Sometimes relative importance can be very useful, especially when a particular feature appears to be significantly more important for predictions than all other features. It is usually worth checking if the values of this very important variable do not depend on the response. If it is the case, you may want to exclude this feature in training the model. Not all models have a Coefficients chart, and the Importance graph is the only way to visualize the feature impact to the model.
If a feature is included in only one model out of the dozens that DataRobot builds, it may not be that important. Excluding it from the feature set can optimize model building and future predictions.
It is useful to compare how feature importance changes for the same model with different feature lists. Sometimes the features recognized as important on a reduced dataset differ substantially from the features recognized on the full feature set.

Variable Effects¶

While Tree-Based Variable Importance tells you the relevancy of different variables to the model, the Variable Effects chart shows the impact of each variable in the prediction outcome.

Use this chart to compare the impact of a feature for different Constant Spline models. It is useful to ensure that the relative rank of feature importance across models does not vary wildly. If in one model a feature is regarded to be very important with positive effect and in another with negative, it is worth double-checking both the dataset and the model.

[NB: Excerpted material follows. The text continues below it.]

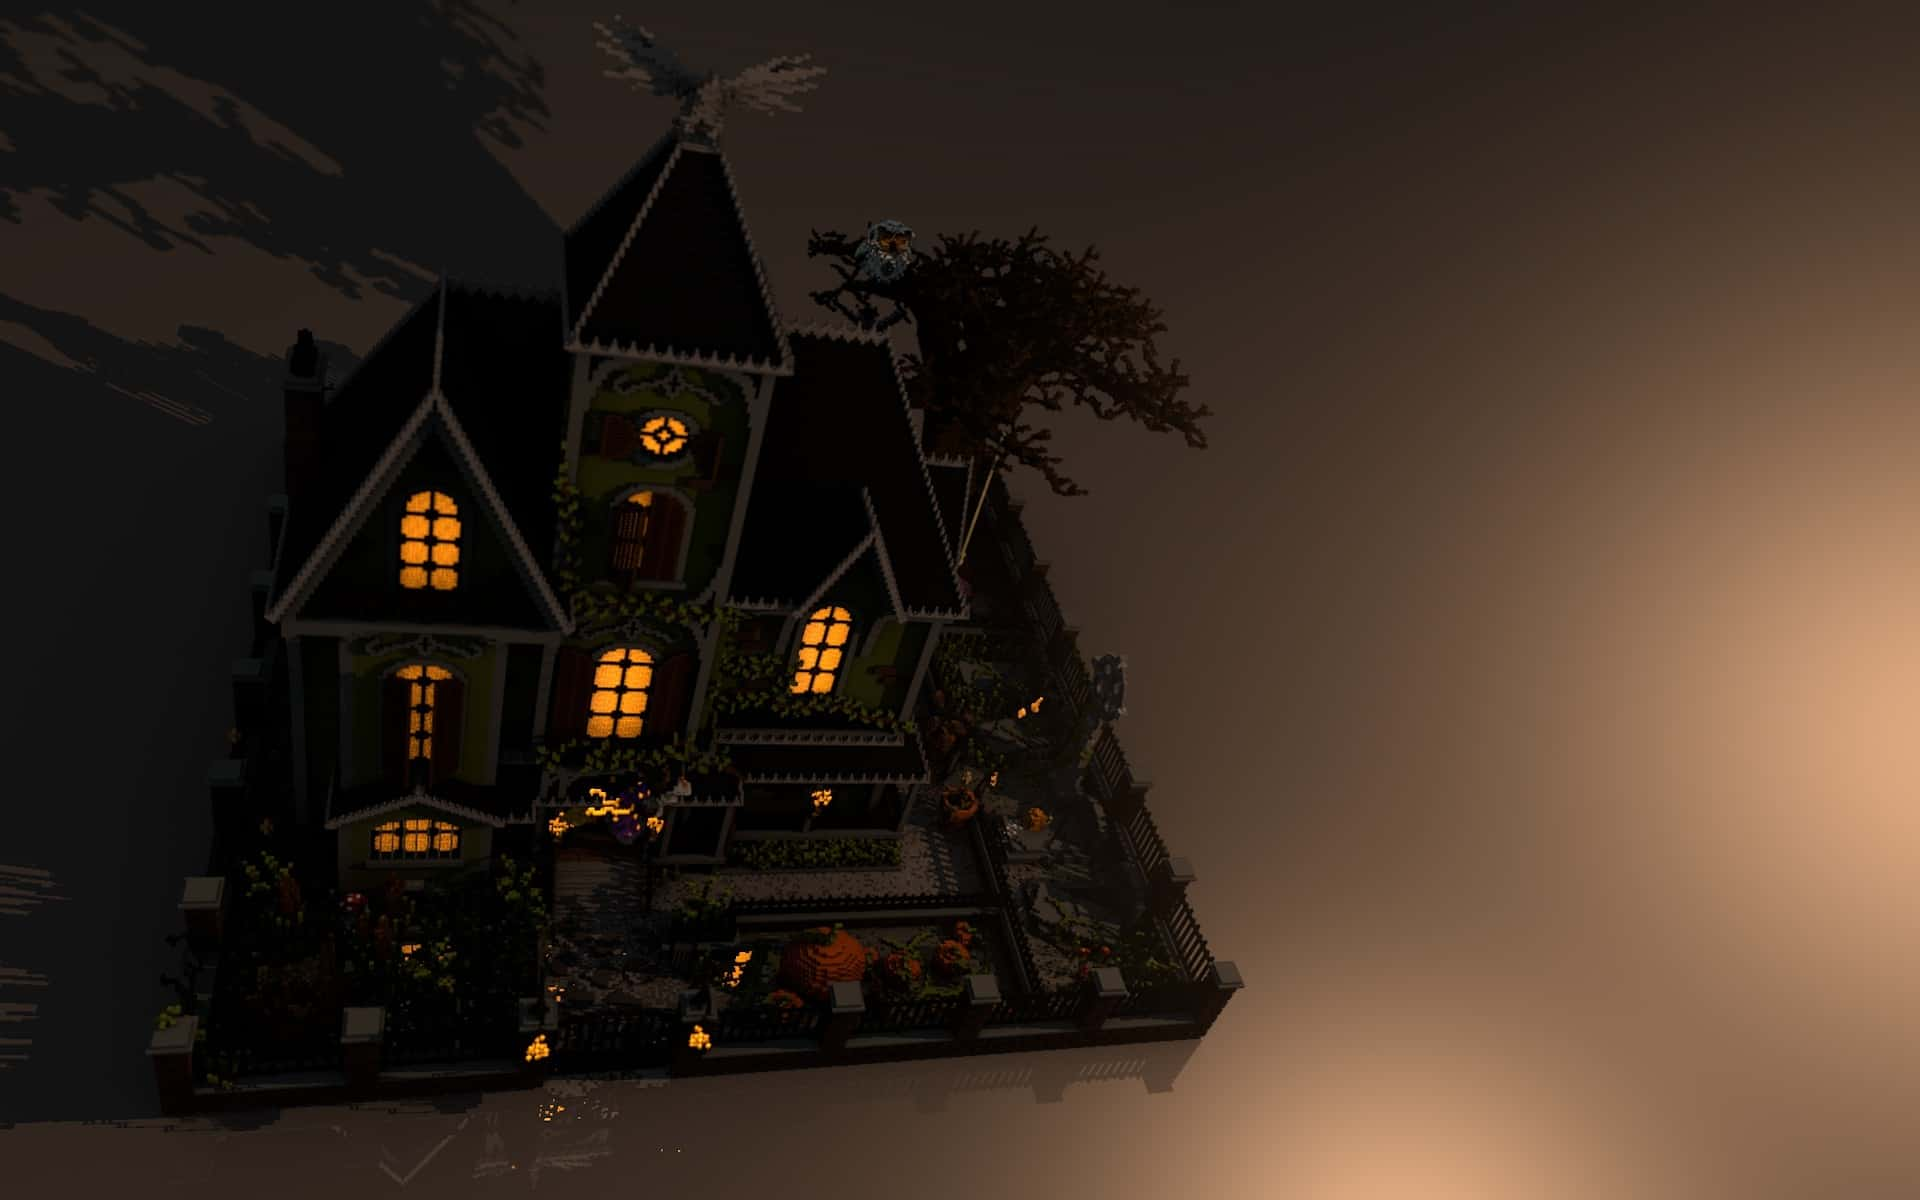 map le projet blair witch 1 8 minecraft france. Black Bedroom Furniture Sets. Home Design Ideas

With Variable Effects, you can:

Click Variable Effects to display the relative rank of features.
Use the Sort by dropdown to sort values by impact (Feature Coefficients) or alphabetically (Feature Name).

Variable Effects availability

Variable Effects are only available for full Autopilot models built using Constant Splines during preprocessing. To see the impact of each variable in the prediction outcomes for other model types, use the Coefficients tab.